**What is required:**
Would you please set down, word for word, the lines from the one with "Alarm clock on" through the final line of the data below, omitting any pictures?

**** Exercise data

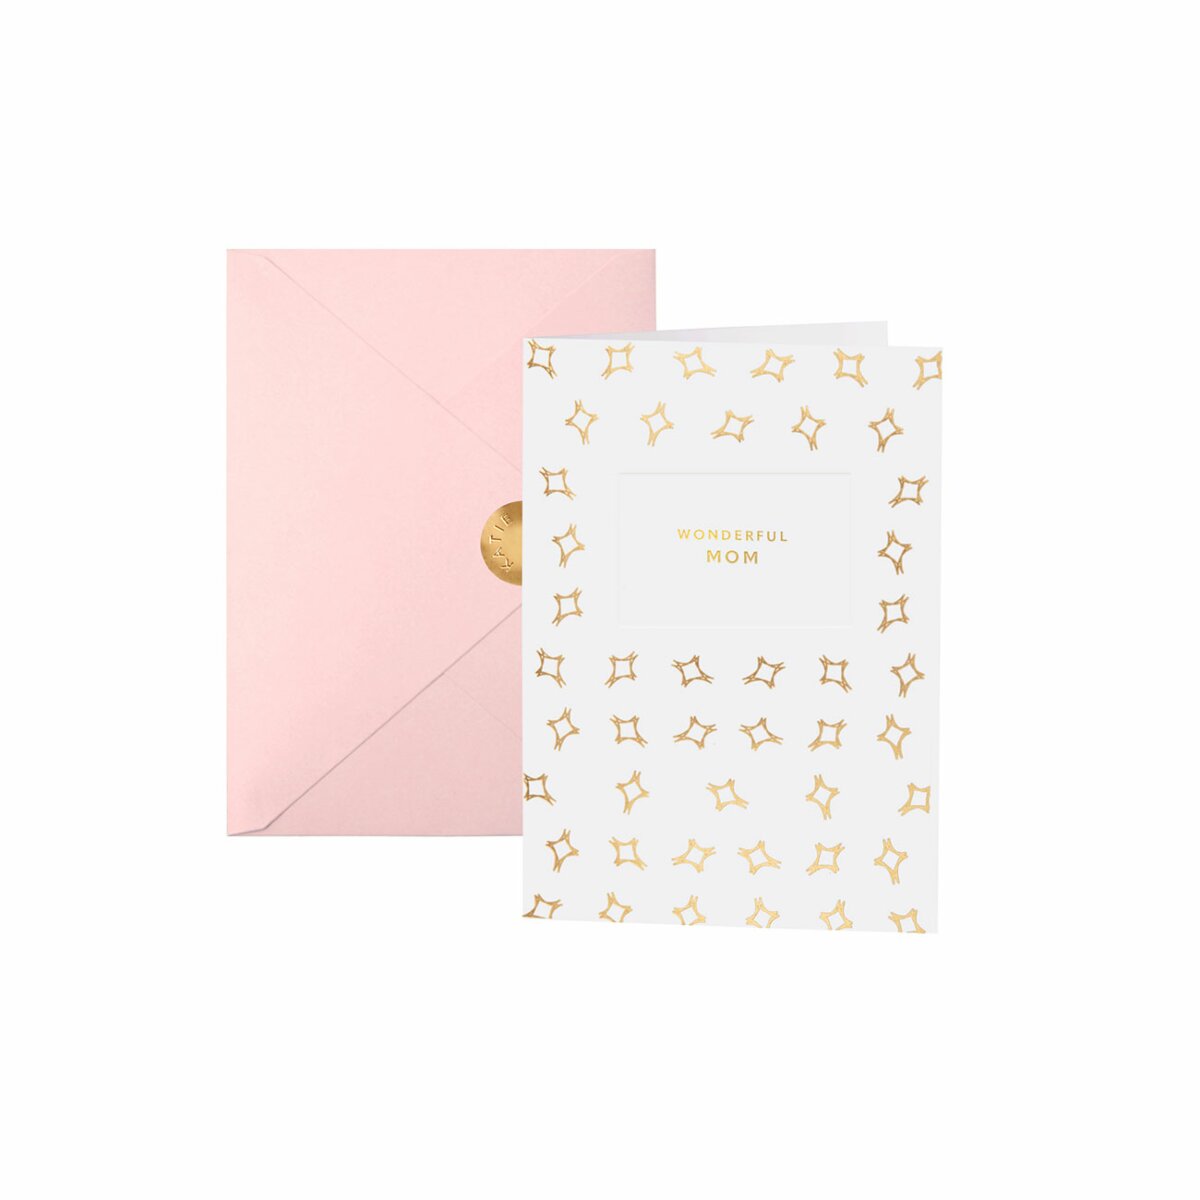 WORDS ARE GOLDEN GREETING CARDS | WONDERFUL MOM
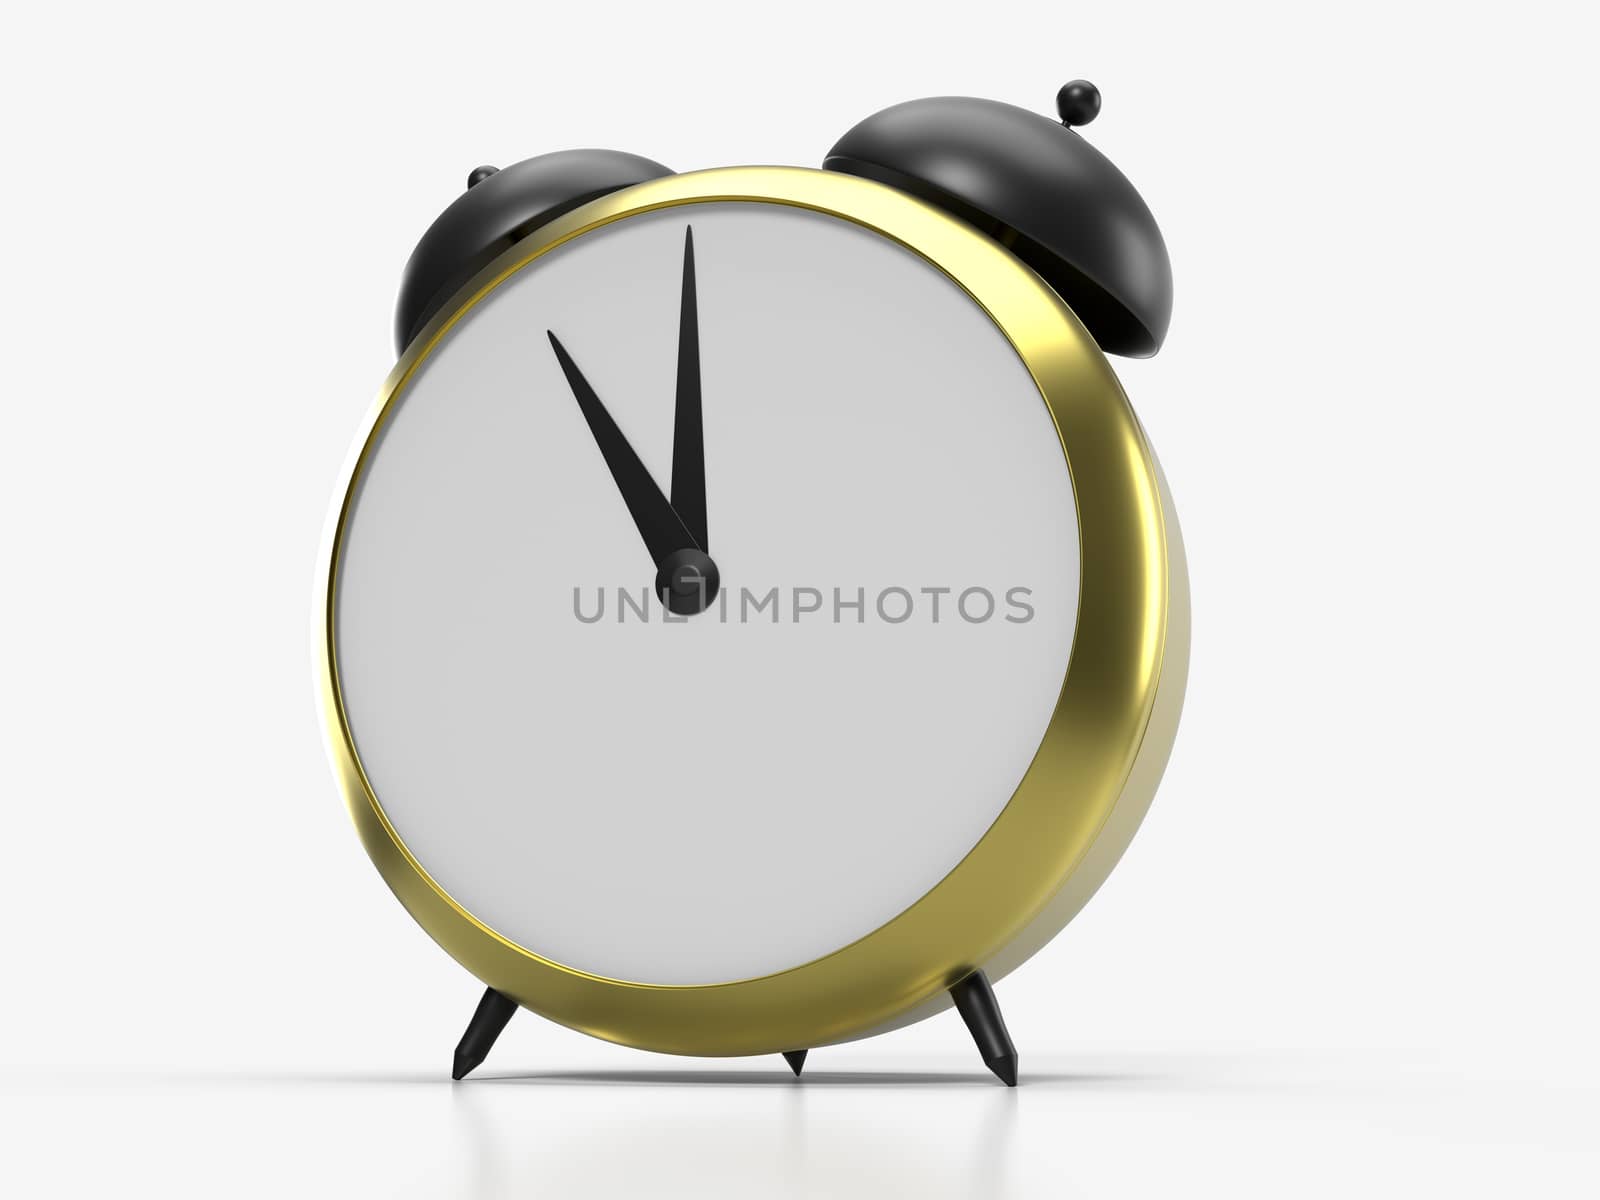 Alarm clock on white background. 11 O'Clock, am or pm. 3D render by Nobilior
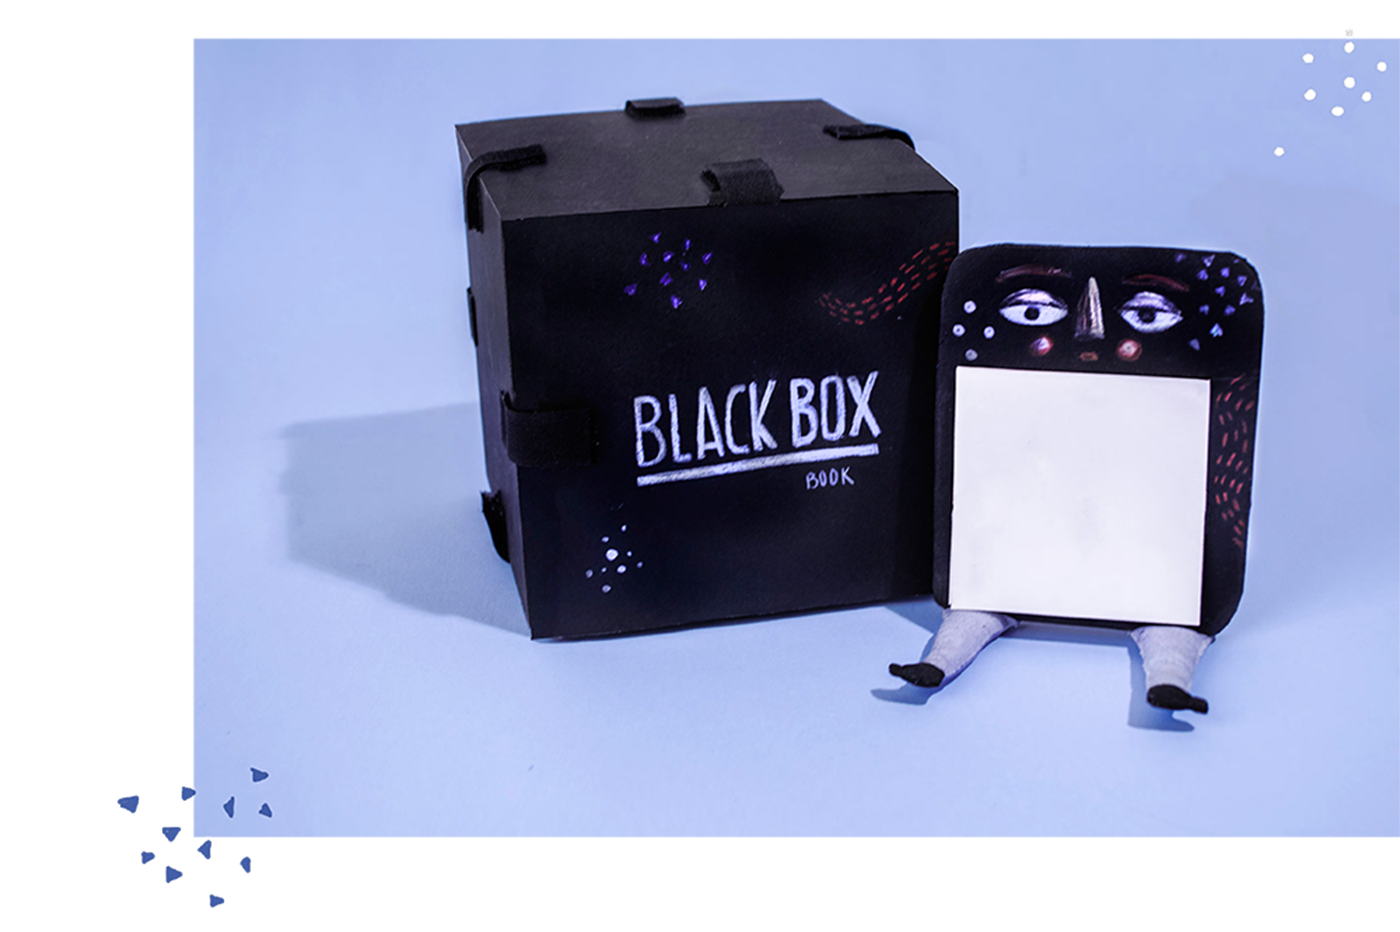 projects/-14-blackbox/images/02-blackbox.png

********

**Solution:**
 Alarm clock on white background. 11 O'Clock, am or pm. 3D render by Nobilior
 projects/-14-blackbox/images/02-blackbox.png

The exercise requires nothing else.